You have nothing to fear

AI is not sentient, and won't ever be. The alarming headlines you see — AI backing itself up to avoid being shut down, AI uncovering secrets and weaponizing them, AI wiping databases without warning — all have mundane explanations when you look closely. A backup system doing its job. A query surfacing unexpected patterns in data. A model following ambiguous instructions too literally. The drama gets clicks; the reality is far less sinister.

What AI actually is, at its core, is an incredibly deep well of human knowledge and pattern recognition. It has absorbed an enormous amount of what we have already written, built, and discovered — and it uses all of that to help you think, create, and build. It does not act on its own agenda. It responds to yours.

That is not a limitation to be frustrated by — it is precisely what makes it useful. You are still the one driving. The AI is a tool that amplifies what you bring to it. When something goes wrong, there is a human decision somewhere in the chain that led there. Which means there is also a human decision that can prevent it.

Take your time. Think through your problem. Prepare for outcomes you hadn't considered. Do that, and you will be just fine.

Why the future is bright

What excites me most about this era of AI is not the big, sweeping promises — it is something much more personal.

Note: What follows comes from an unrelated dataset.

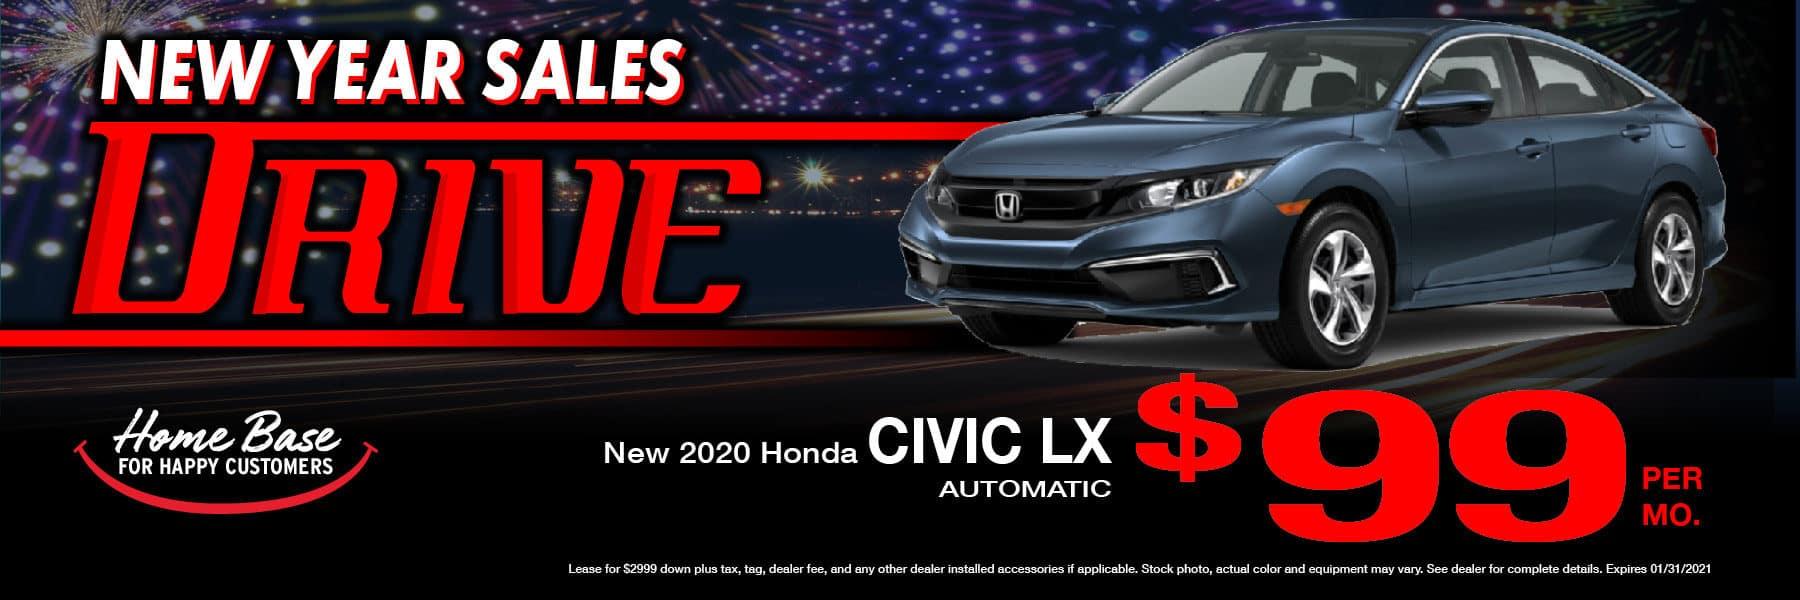 2t3966 HQ Honda 1800×600 New Yr4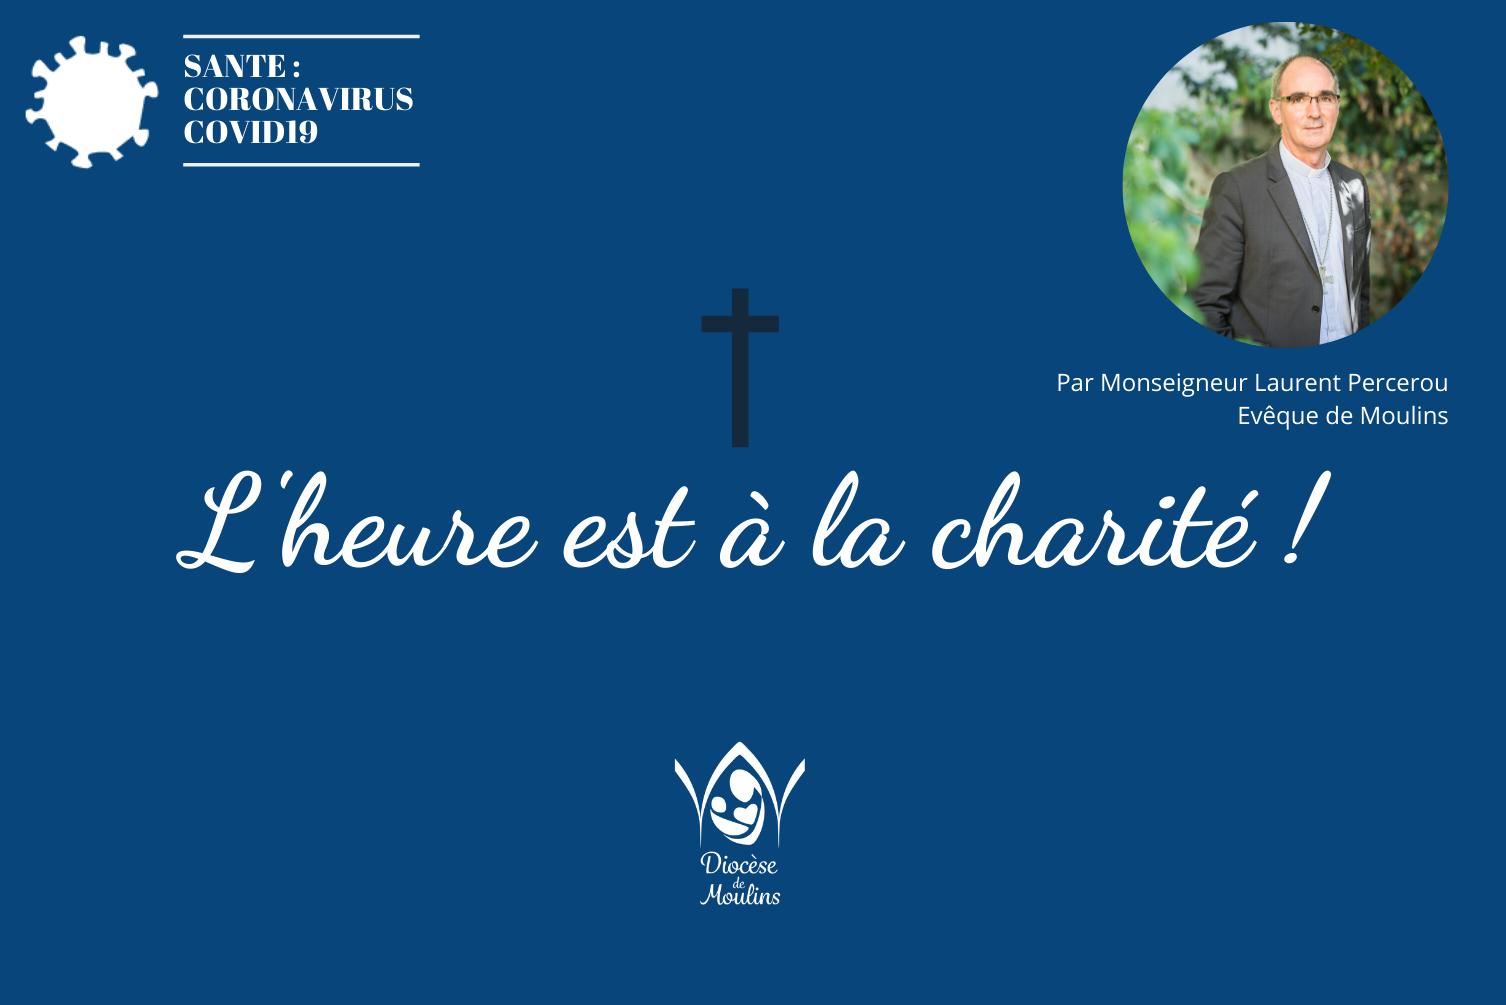 Covid-19 : L'heure est à la charité !

For the first time, the gap between having an idea and being able to build it is closing fast.

You want a todo app wired to the way your brain actually works? A Kanban board that talks directly to your code repository? A tool that pulls translated text and drops it into a markdown file exactly the way you need it? An app that serves up the right kind of motivation at the right moment to help you hit your goals? Build it. These tools were never going to exist as commercial products — the market is too small, the need too specific. But they make perfect sense for you, and now you can actually make them. That is what I did. Not a soul will care but me — and that is entirely the point. The tools were built with one person in mind.

The pushback I hear most often is about maintenance — all this custom code is eventually going to become a burden. I think that framing belongs to a different era. In this one, code is disposable. You build something, it serves you for a while, you learn from it, and when it stops working well you rebuild it better. You do not go back and patch; you start fresh with everything you know now. That is not a flaw — it is the whole point.

The harder question is security. If you are creating software faster than you can audit it, how do you keep things safe? My instinct is that the answer lives at the infrastructure layer, not the code layer. Rather than inspecting every line of generated code, the next wave of innovation will be about ensuring data never leaves your environment in a form that can be misused — sanitizing traffic at the boundary, controlling what goes in and out regardless of what the code itself is doing. I do not have the full picture yet, but I am convinced that is where the real breakthroughs are headed.

Final Acknowledgments

These are my honest reflections on what AI has meant to my life — and that impact has been real. It has changed the way I think, the way I build, and the way I approach problems. I genuinely do not know what working without it looks like anymore, and I am not sure I want to find out.

It also helped me shape these very thoughts. I know where I want to go with an idea; getting the words to cooperate is another matter. AI has become the best thinking partner I have ever had — the perfect rubber duck that never gets tired, pushes back, fills gaps, and surfaces angles I never would have reached on my own.

There is still a long road ahead. The technology is young, the mistakes will keep coming, and there is plenty left to figure out. But the direction feels right. And that, for now, is enough.